Rückzug aus der Kommunalpolitik
Im März 2024 erklärte Stein, dass er bei der Kommunalwahl 2025 nicht kandidieren werde. Seine Begründung war eine sehr persönliche: „Nachdem meine Frau über fast vier Jahrzehnte meine beruflichen und politischen Ambitionen vorbehaltlos unterstützt hat, ist es nun an mir, ihr zukünftig stärker als bisher zur Seite zu stehen – mehr als mir das im Amt des Bürgermeisters möglich wäre.“
Jeder im Rat und in der Verwaltung wusste, dass das nicht vorgeschoben war. Und doch war auch Stein persönlich am Ende seiner Kräfte - und seiner Möglichkeiten. Zum Ende seiner Amtszeit hat Stein einen „Verwaltungsbericht 2020 - 2025“ anfertigen lassen. Auf 48 Seiten wird fleißig zusammengestellt, wie die Stadt - aus der Sicht Steins - nach vorne gebracht worden war. Gründung der Schulbau GmbH, Schulsanierungen, Grundsteinlegungen, Stadthaus-Umzug, Klimakonzept, Digitalisierung, Zanders - alles wirklich große Brocken, die angepackt und bewegt wurden. Abgeschlossen wurde keines der Großprojekte. Stein ist ein Weichensteller, kein Finisher.

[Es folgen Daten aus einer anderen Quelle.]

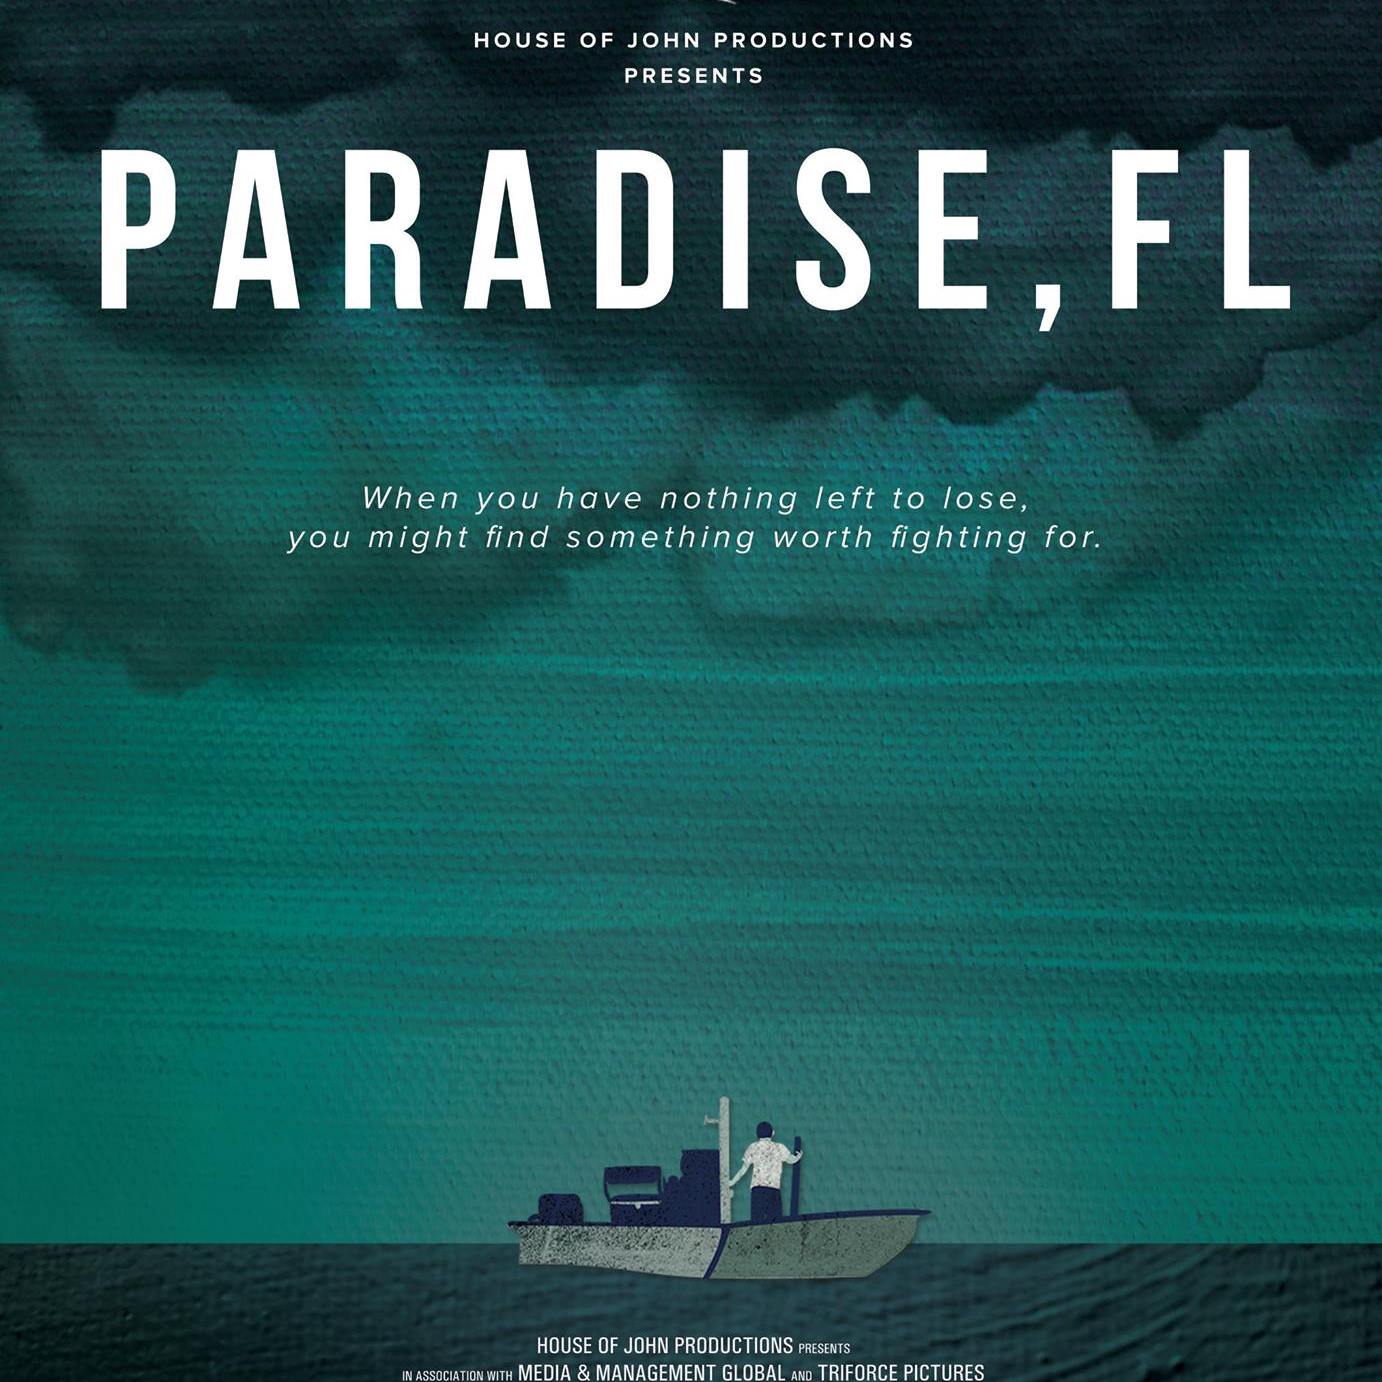 'Paradise, FL' Show Card

Da habe ich erst gemerkt, wie sehr mir diese direkten Kontakte gefehlt haben
Und Stein ist ein Gemütsmensch. Einer der gerne mit Menschen zusammen ist, der gerne feiert und der gerne hilft. Das konnte er zu Beginn seiner Amtszeit wenig bis gar nicht unter Beweis stellen. Stein war Corona-Bürgermeister. Abstand und Masken hielten Stein von den Bürgern fern. Das änderte sich mit der Zeit. Stein: „Da habe ich erst gemerkt, wie sehr mir diese direkten Kontakte gefehlt haben.“ Es gibt auf kommunaler Ebene keine Popularitätsumfragen. Aber der „Frank“ war von Feuerwehr bis Karnevalisten unterwegs. Besonders engagiert war er bei der Partnerschaft mit Butscha in der Ukraine. Und da hat er einen besonderen Wunsch: „Ich möchte es noch erleben, dass ich mit einer Passagiermaschine nach Kiew fliegen kann.“
Stein muss jetzt, wie er sagt, lernen, Privatmensch zu werden. Aus der Tagespolitik werde er sich konsequent heraushalten. Ein Termin ist allerdings schon in seinem Kalender markiert. Die Prinzenproklamation 2026. „Da werde ich mit meiner Frau im Hotel Malerwinkel ein Zimmer nehmen und wir werden mitfeiern.“
Ist Stein ein guter Bürgermeister gewesen? Der Blick auf die harten Fakten lässt viel Interpretationsspielraum. Weil eben so vieles nicht abgeschlossen wurde und ungewiss ist, was daraus wird. Steins Nachfolger und Freund Marcel Kreutz (SPD) wird sich wohl mit einem Haushaltssicherungskonzept herumplagen müssen und was aus Zanders wird, ist die große Frage. Stein hat im Laufe seiner Amtszeit viele Weichen gestellt. Bei vielen ist nicht klar, wohin sie führen - bei manchen ist fraglich, ob über diese Gleise jemals ein Zug einfährt. Stein, heißt es selbst beim politischen Gegner, sei ein „Guter“ – das Wort „Bürgermeister“ braucht es da gar nicht.